Writing a Custom Hook: Radial Distribution Function#

The Hook protocol is nvalchemi-toolkit’s primary extension point. Any object that has stage, frequency, and __call__(batch, dynamics) satisfies the protocol — no base class is required. This duck-typing approach makes hooks easy to write and easy to test in isolation.

This example builds a full radial distribution function (RDF) accumulator as a custom hook. The RDF is the cornerstone structural observable in liquid simulations. For a homogeneous isotropic fluid it is defined as:

\[g(r) = \frac{V}{N^2} \sum_{i \neq j} \langle \delta(r - r_{ij}) \rangle\]

where V is the system volume, N the atom count, and the angle brackets denote a time average. A peak at ~3.8 Å in LJ argon corresponds to the nearest-neighbour shell.

Key concepts demonstrated#

  • The minimal hook interface: stage, frequency, __call__.

  • Accumulating statistics across steps with instance attributes.

  • Normalising the RDF and writing it to a text file.

  • Using ON_CONVERGE to flush accumulated data when the run finishes.

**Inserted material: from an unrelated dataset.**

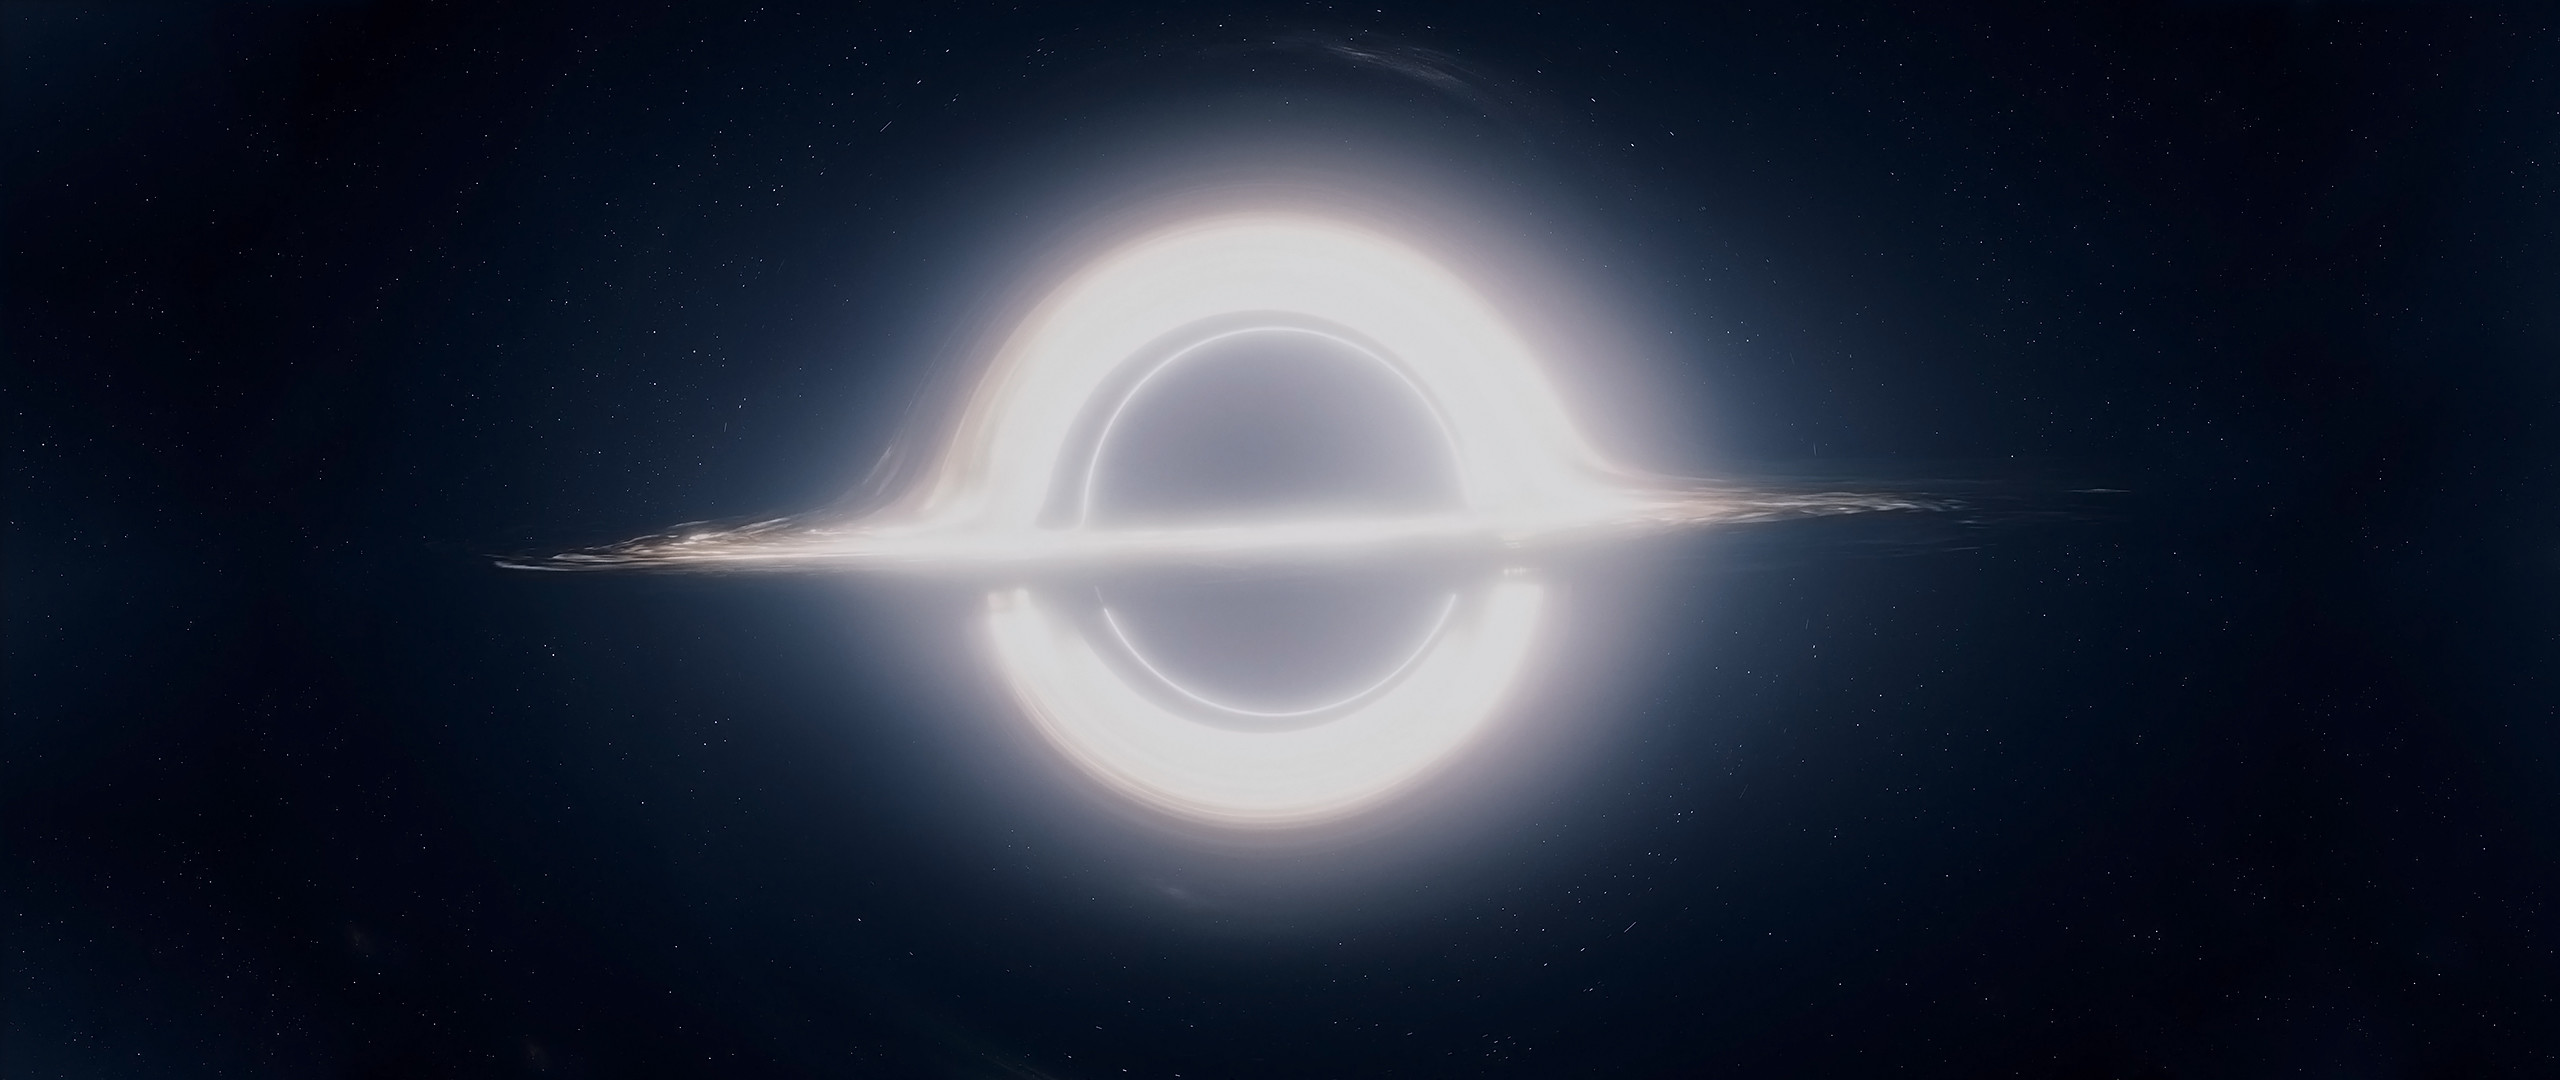 Interstellar Black Hole Wallpaper by ABAthedude Interstellar Black Hole  Wallpaper by ABAthedude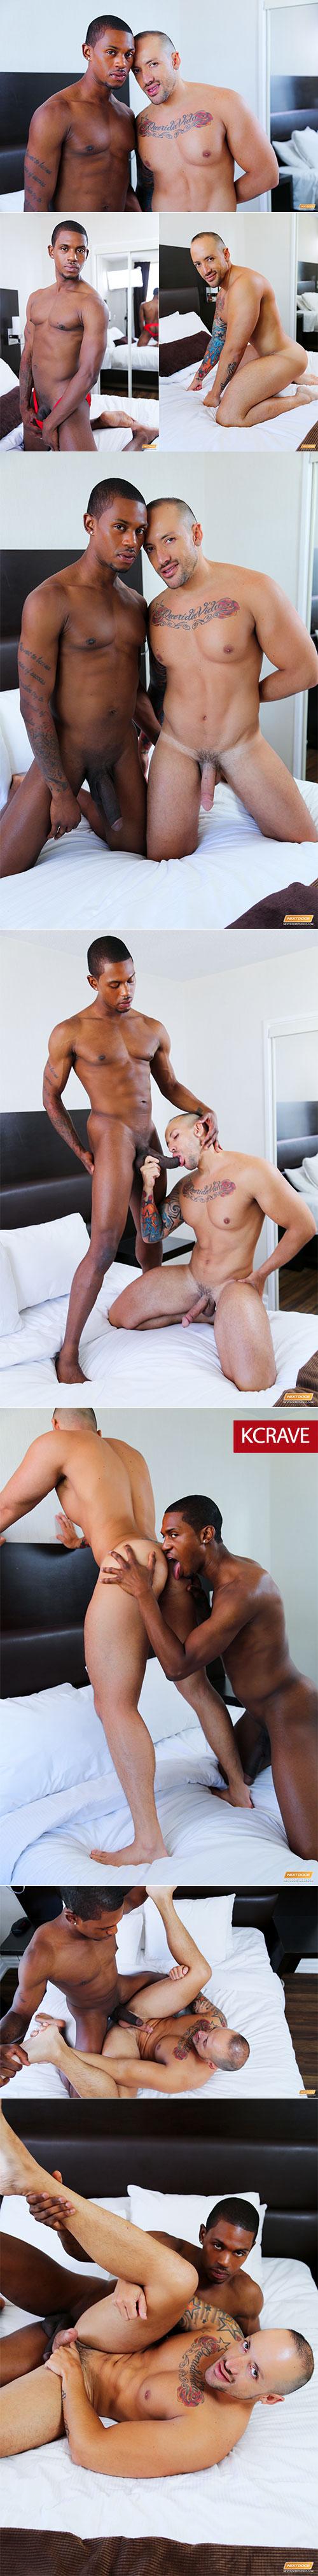 Jordano Santoro and Krave Moore

from __future__ import annotations

import logging
import math
import os

import torch

from nvalchemi.data import AtomicData, Batch
from nvalchemi.dynamics import NVTLangevin
from nvalchemi.dynamics.base import HookStageEnum
from nvalchemi.dynamics.hooks import NeighborListHook
from nvalchemi.models.lj import LennardJonesModelWrapper

logging.basicConfig(level=logging.INFO)

The Hook protocol#

A hook is any Python object with three things:

stage : HookStageEnum

Declares when the hook fires. The dynamics engine dispatches hooks keyed by this attribute.

frequency : int

Fire every N steps. frequency=1 fires every step; frequency=10 fires on steps 0, 10, 20, … (step_count % frequency == 0).

__call__(batch: Batch, dynamics: BaseDynamics) -> None

The hook body. Modify the batch in-place (post-compute hooks) or read it for observation (observer hooks).

No base class is needed. If a hook also implements __enter__ / __exit__ the dynamics engine calls those around run() automatically, which is useful for file handles and profilers.

from nvalchemi.dynamics.base import BaseDynamics  # noqa: E402  (import after docstring)


class _MinimalHook:
    """A do-nothing hook that illustrates the protocol."""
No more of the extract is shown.